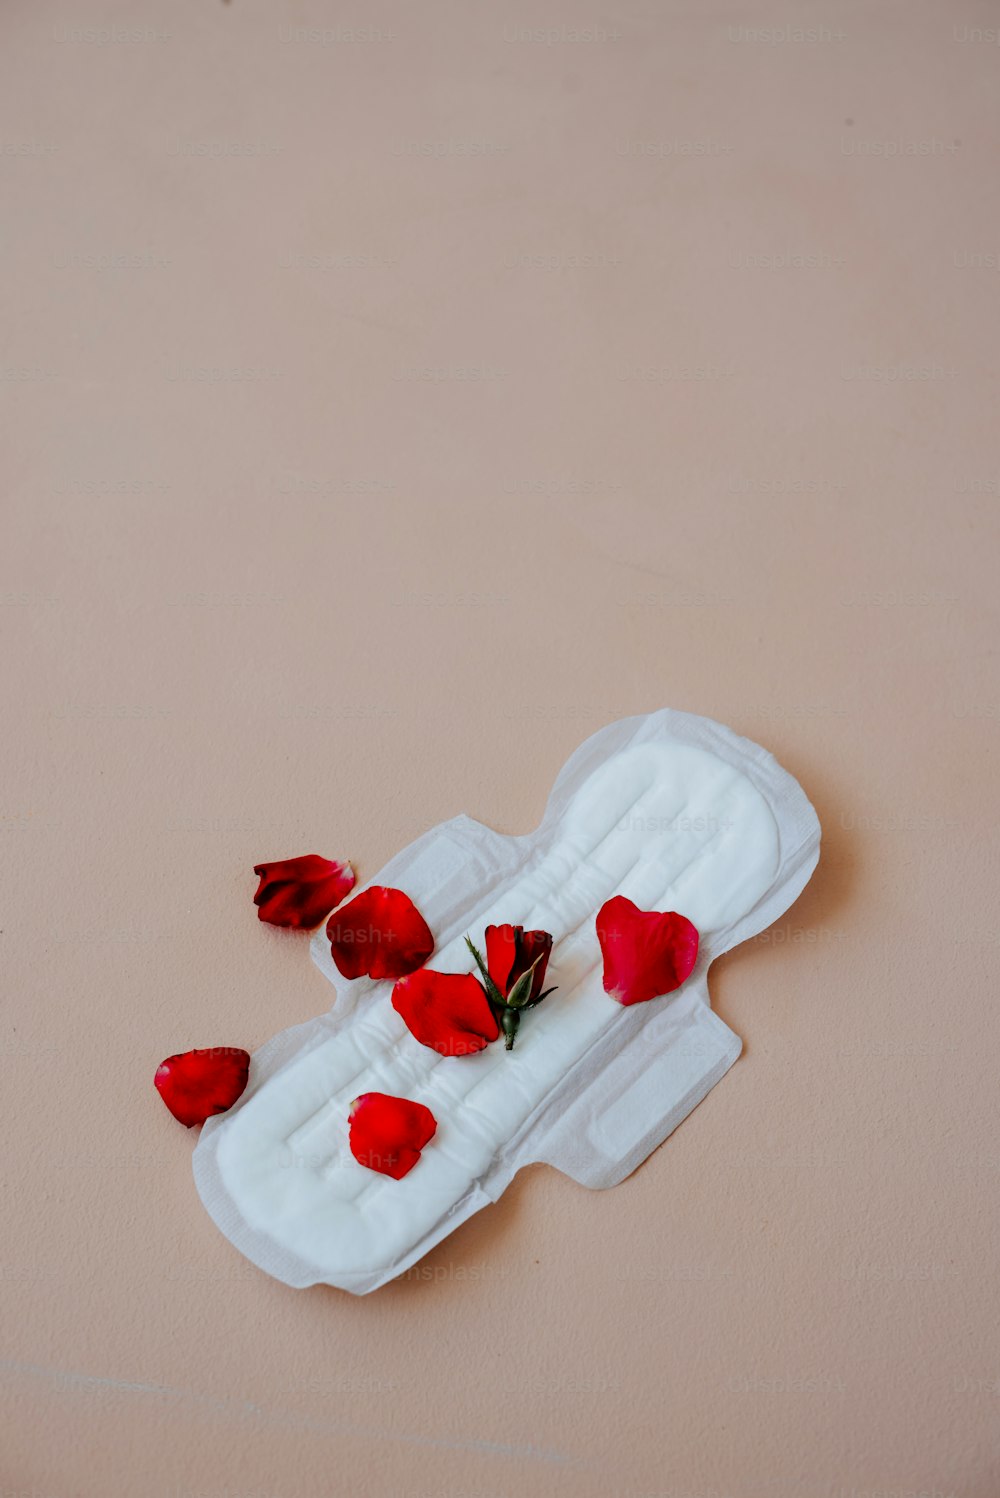 um objeto branco com flores vermelhas sobre ele
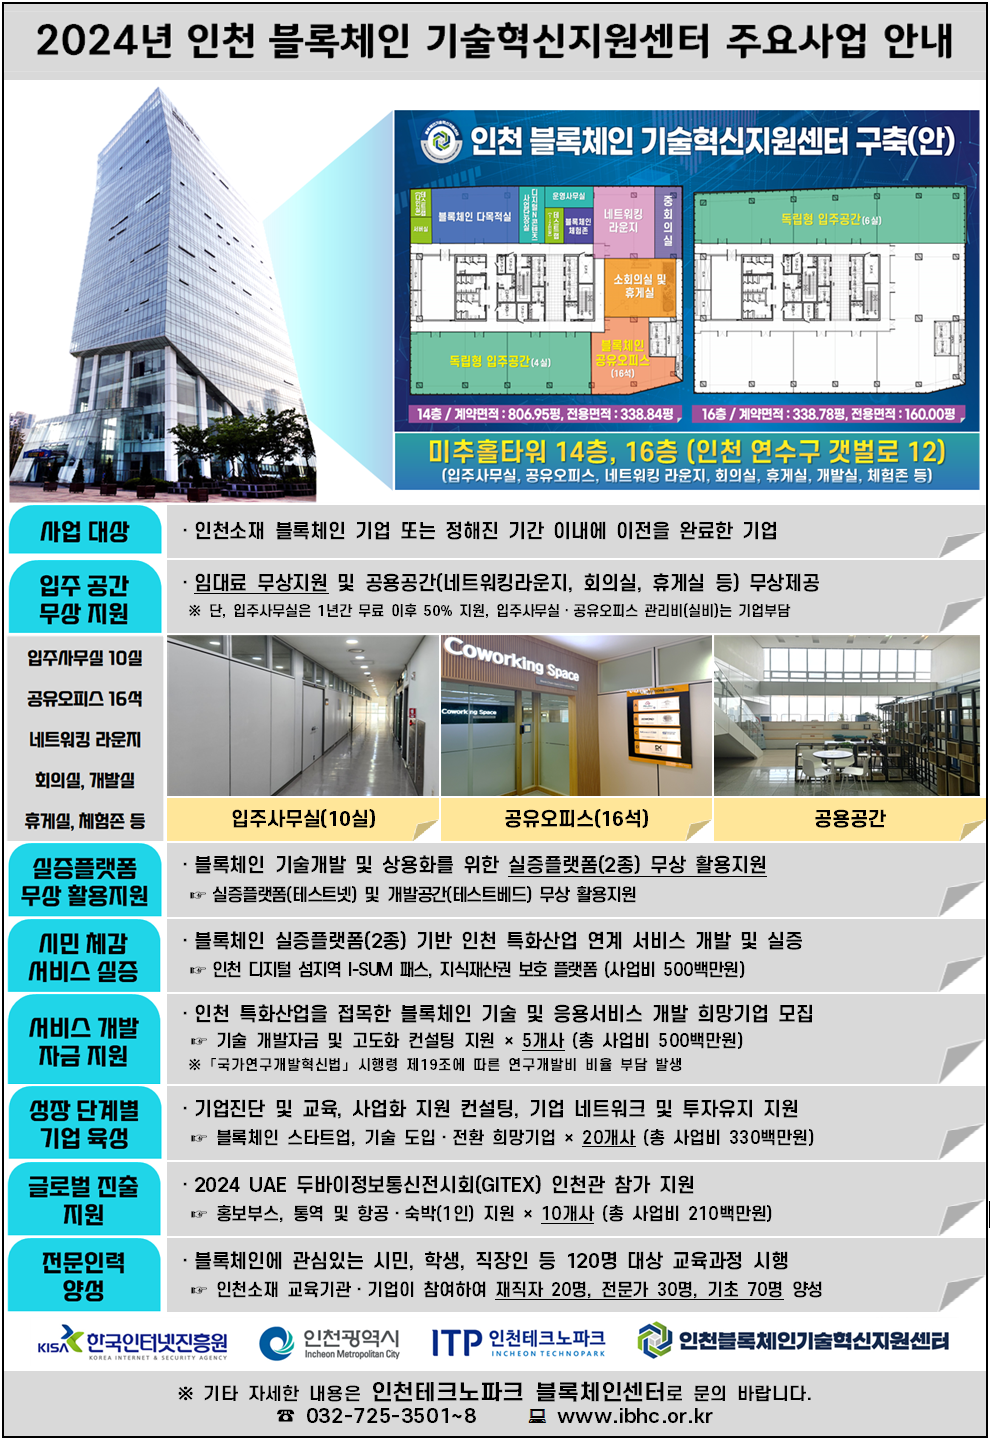 인천 블록체인 기술혁신지원센터 주요사업 안내
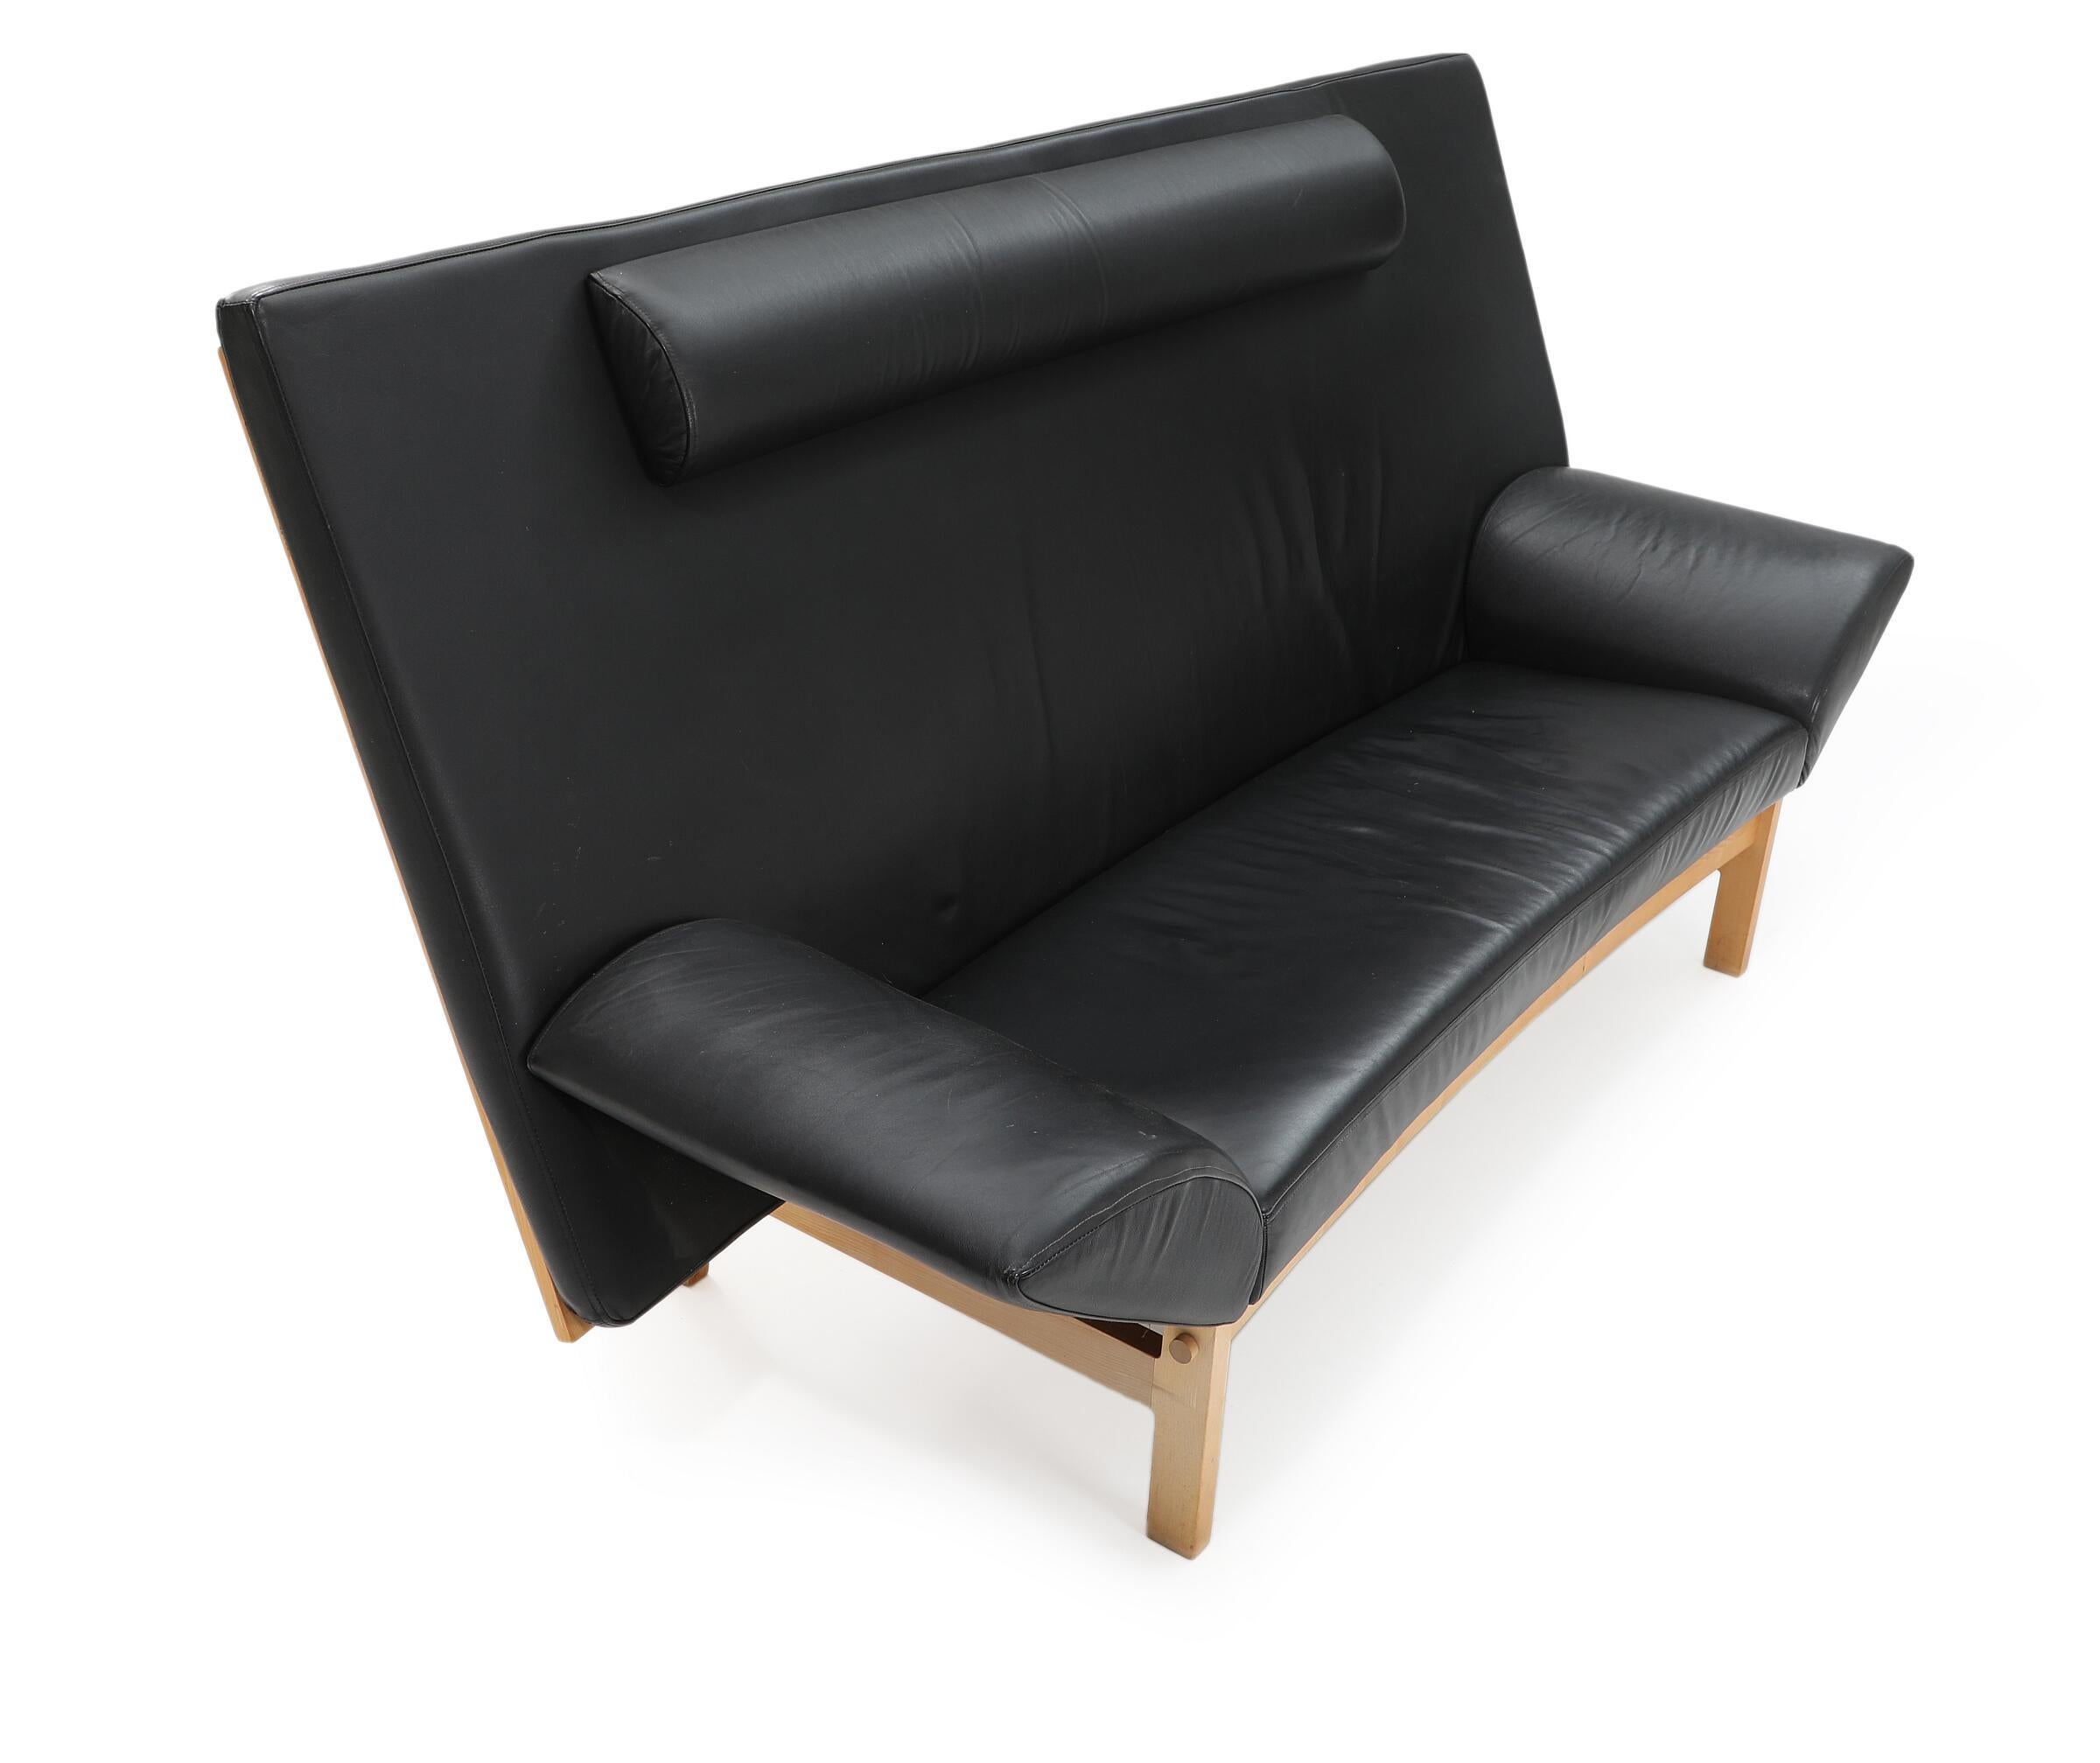 Dreisitzer-Sofa mit Gestell aus Ahornholz, gepolstert mit schwarzem Leder. Modell GE 299. Hergestellt und gekennzeichnet von Getama.
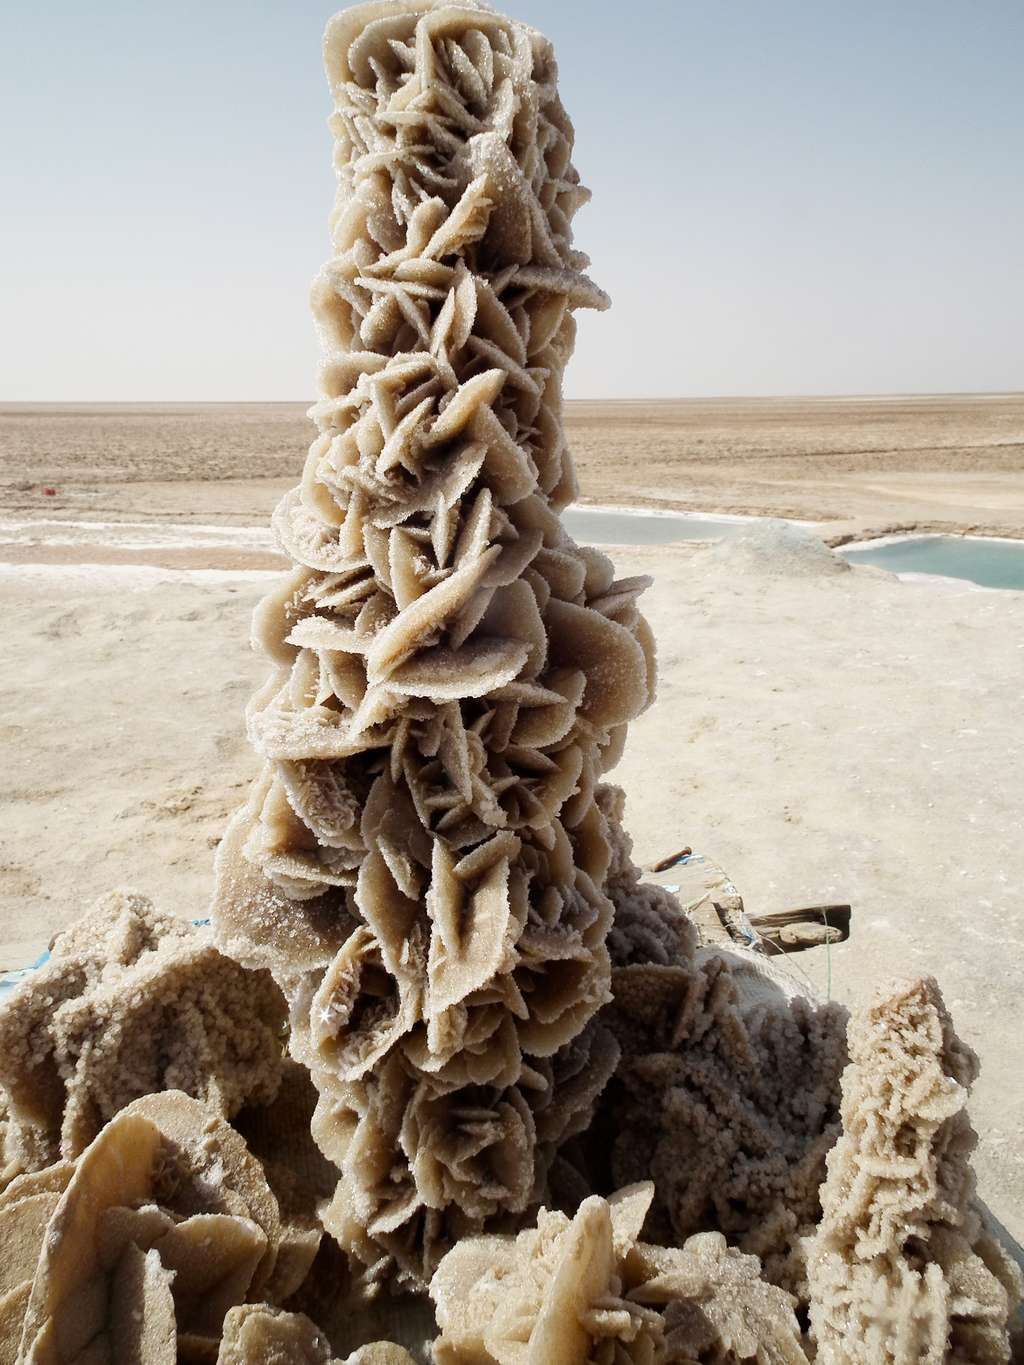 Magnifique rose des sables dans le désert tunisien © Laura Peña, Wikimedia Commons, cc by-sa 3.0

#####

| WORK REQUIRED |
Make an exact copy of the whole listing, but don't bring over any pictures.

| ANSWER TO THIS EXERCISE |
 um objeto branco com flores vermelhas sobre ele
 인천 블록체인 기술혁신지원센터 주요사업 안내
 Dreisitzer-Sofa mit Gestell aus Ahornholz, gepolstert mit schwarzem Leder. Modell GE 299. Hergestellt und gekennzeichnet von Getama.
 Magnifique rose des sables dans le désert tunisien © Laura Peña, Wikimedia Commons, cc by-sa 3.0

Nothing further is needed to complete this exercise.